Echándose a reír, Simpson nos desafió a cumplir semejante proeza. Tres días después del lanzamiento de la maldición, vino descompuesta a suplicarnos que pusiéramos fin a la experiencia. Aunque era arriesgado, consentimos en interrumpir el fatal hechizo y procedimos a revertir el mal. La americana, conmocionada pero convencida, nos autorizó a obrar un hechizo de amor sobre el príncipe de Gales.

Con el fin de realizar la empresa en las mejores condiciones, decidimos desplazarnos a Gran Bretaña. Wallis facilitó que nos invitaran a una partida de caza organizada por el príncipe en las Highlands.

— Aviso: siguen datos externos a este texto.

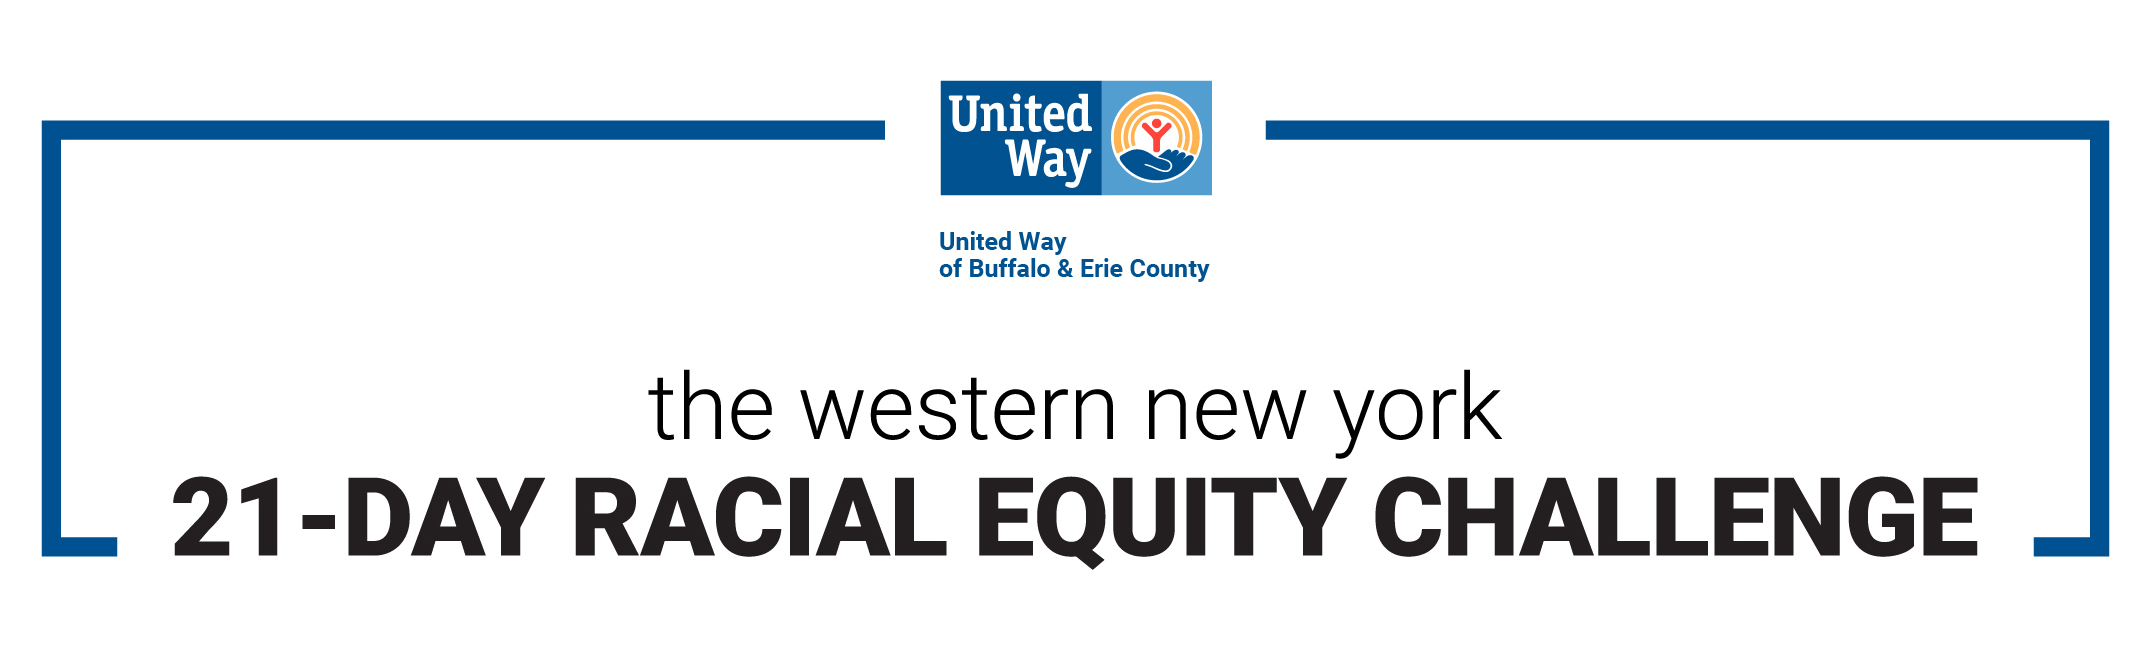 The Western New York 21-Day Racial Equity Challenge Day 5
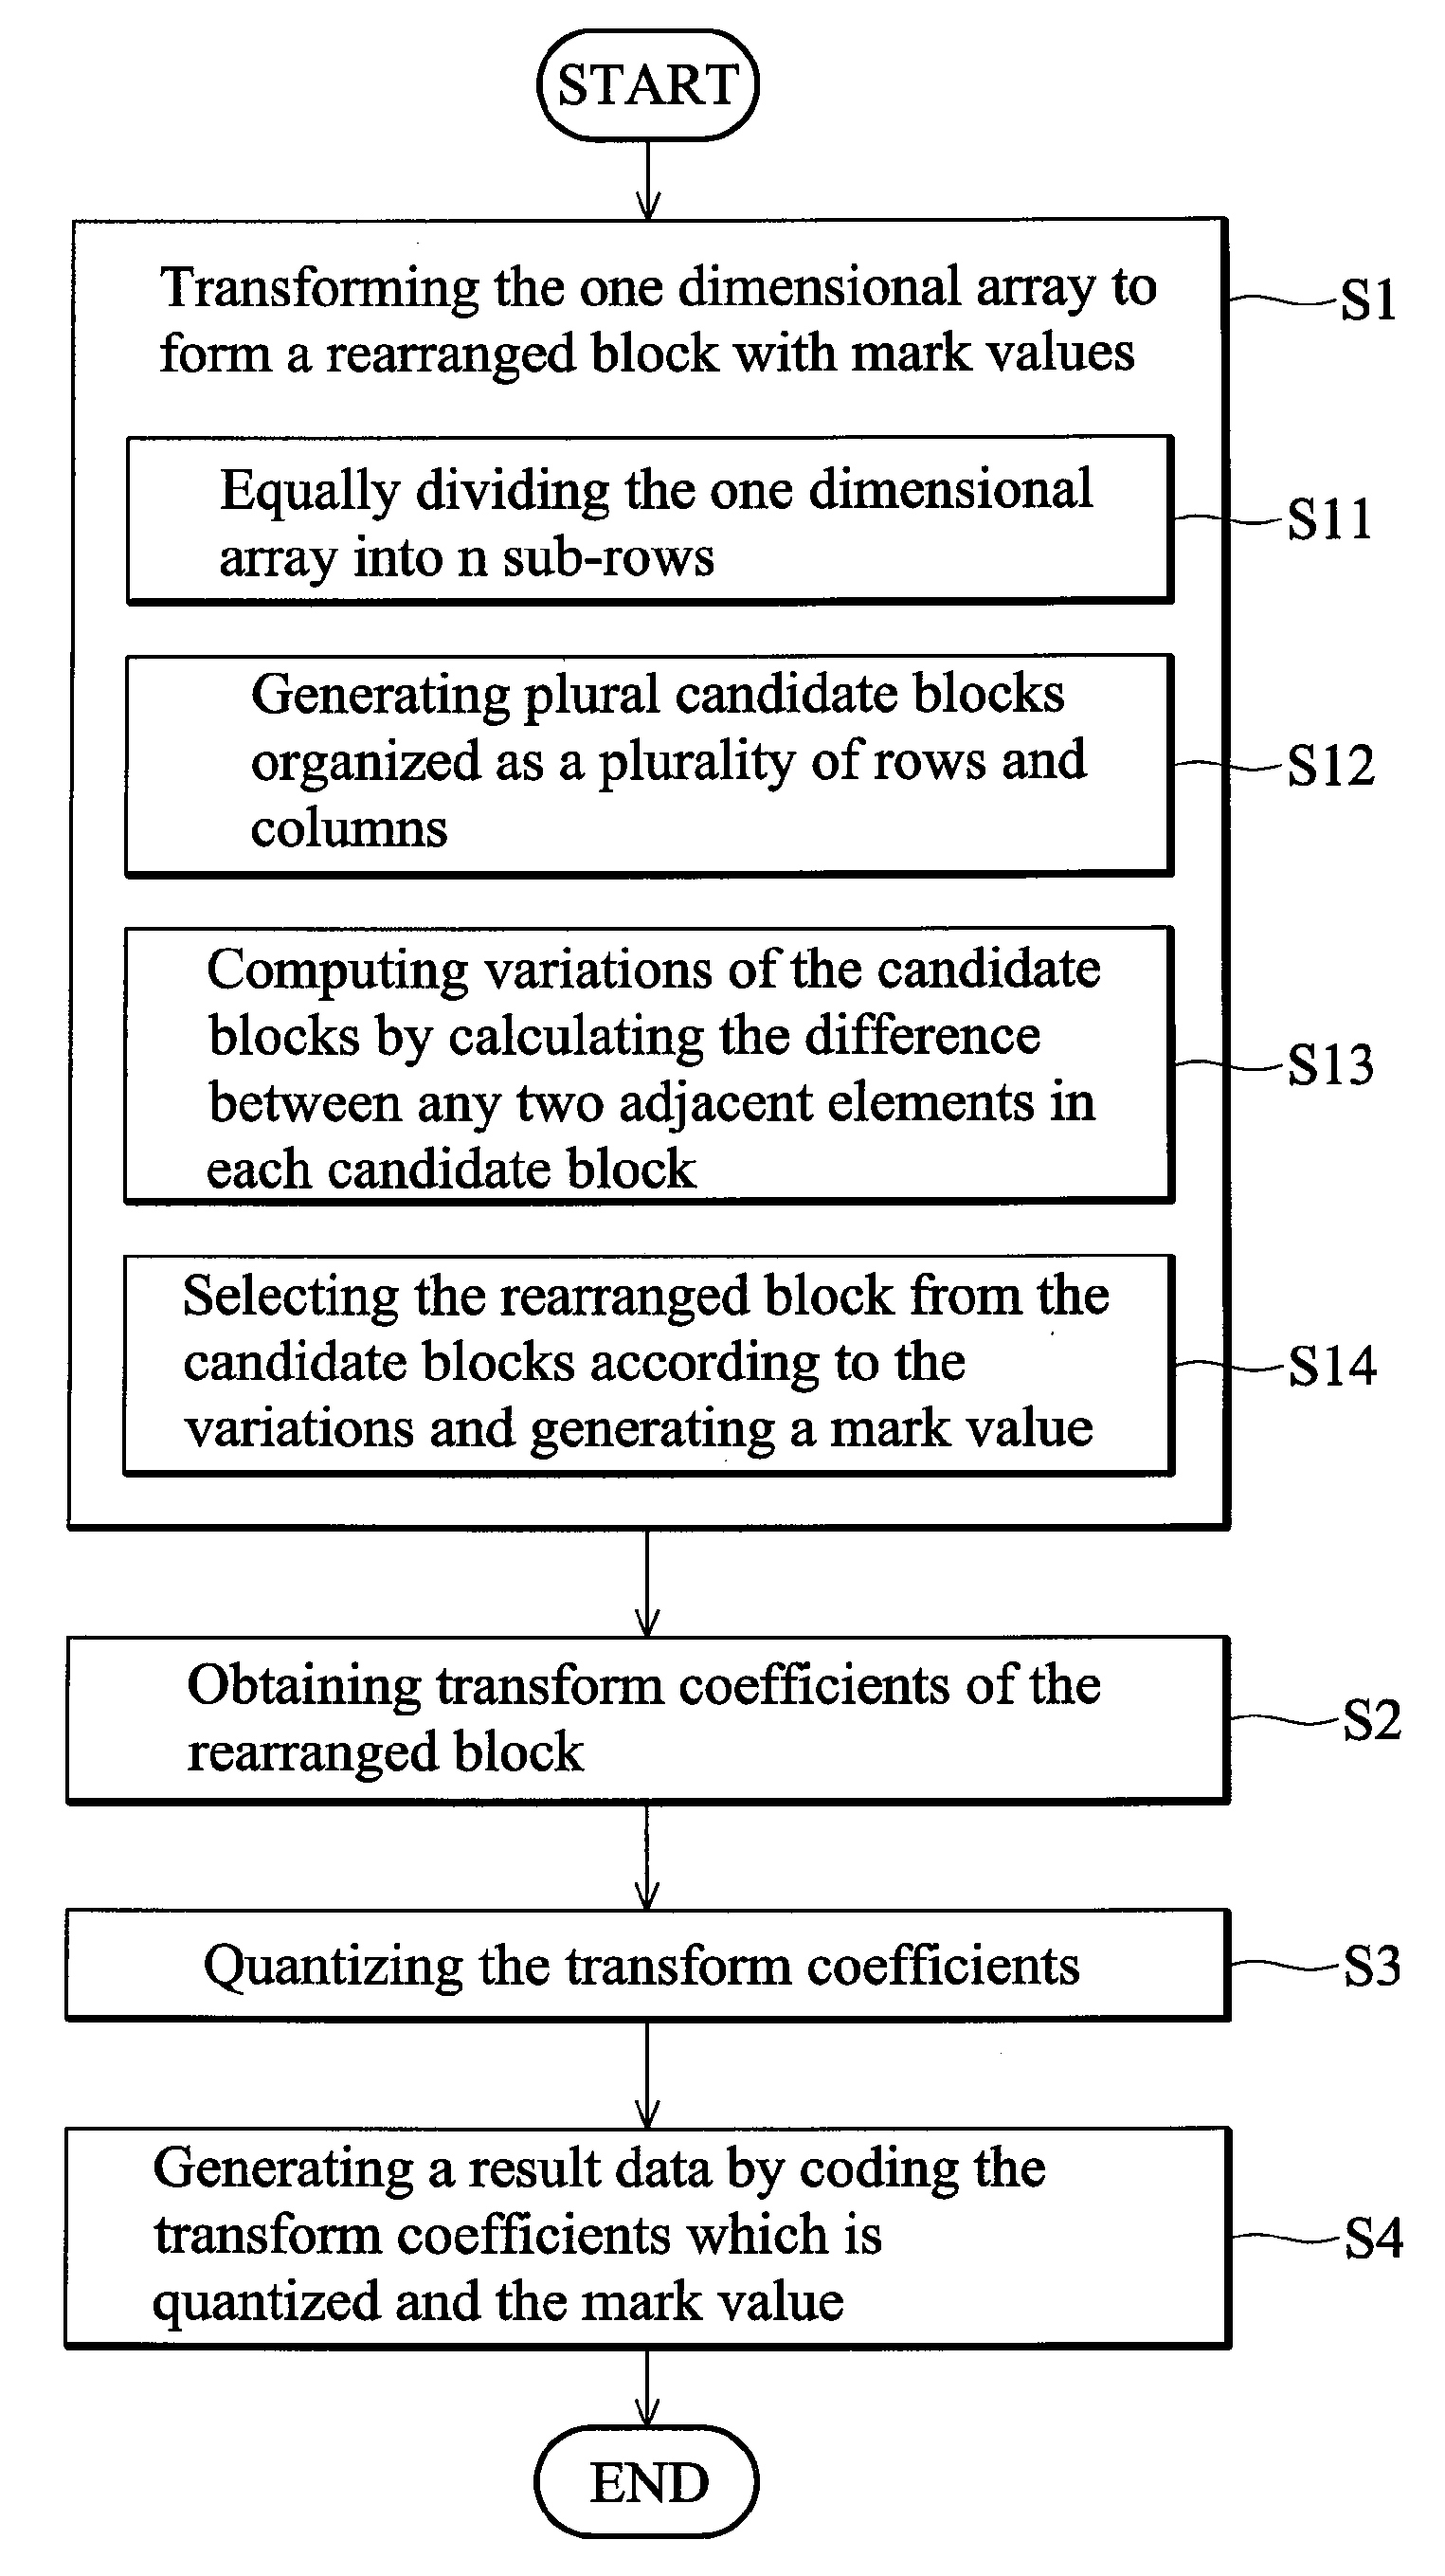 Apparatus of compressing image data and a method thereof

Ya fuera por azar o por voluntad deliberada por su parte, resultó que lord Bentham y su esposa estaban entre los invitados. A la primera mirada que puso sobre Laüme, sentí que el inglés se volvía otra vez loco de deseo por el hada y, durante nuestra estancia, no dejó de devorarla con los ojos y buscar su compañía, sin preocuparse de las apariencias ni de las miradas escandalizadas de su mujer. Laüme se divertía con este renacer de la llama y no le ahorraba ninguna provocación a aquel hombre que ya estaba arrugado, abotargado, con el cráneo peinado con una rala corona de cabellos grises. Jugando con el pobre viejo como el gato con el ratón, lo desestabilizó hasta el punto de que Bentham acudió a mí para implorar mi ayuda. Era tan patético, tan vulnerable, que sentí una sincera piedad.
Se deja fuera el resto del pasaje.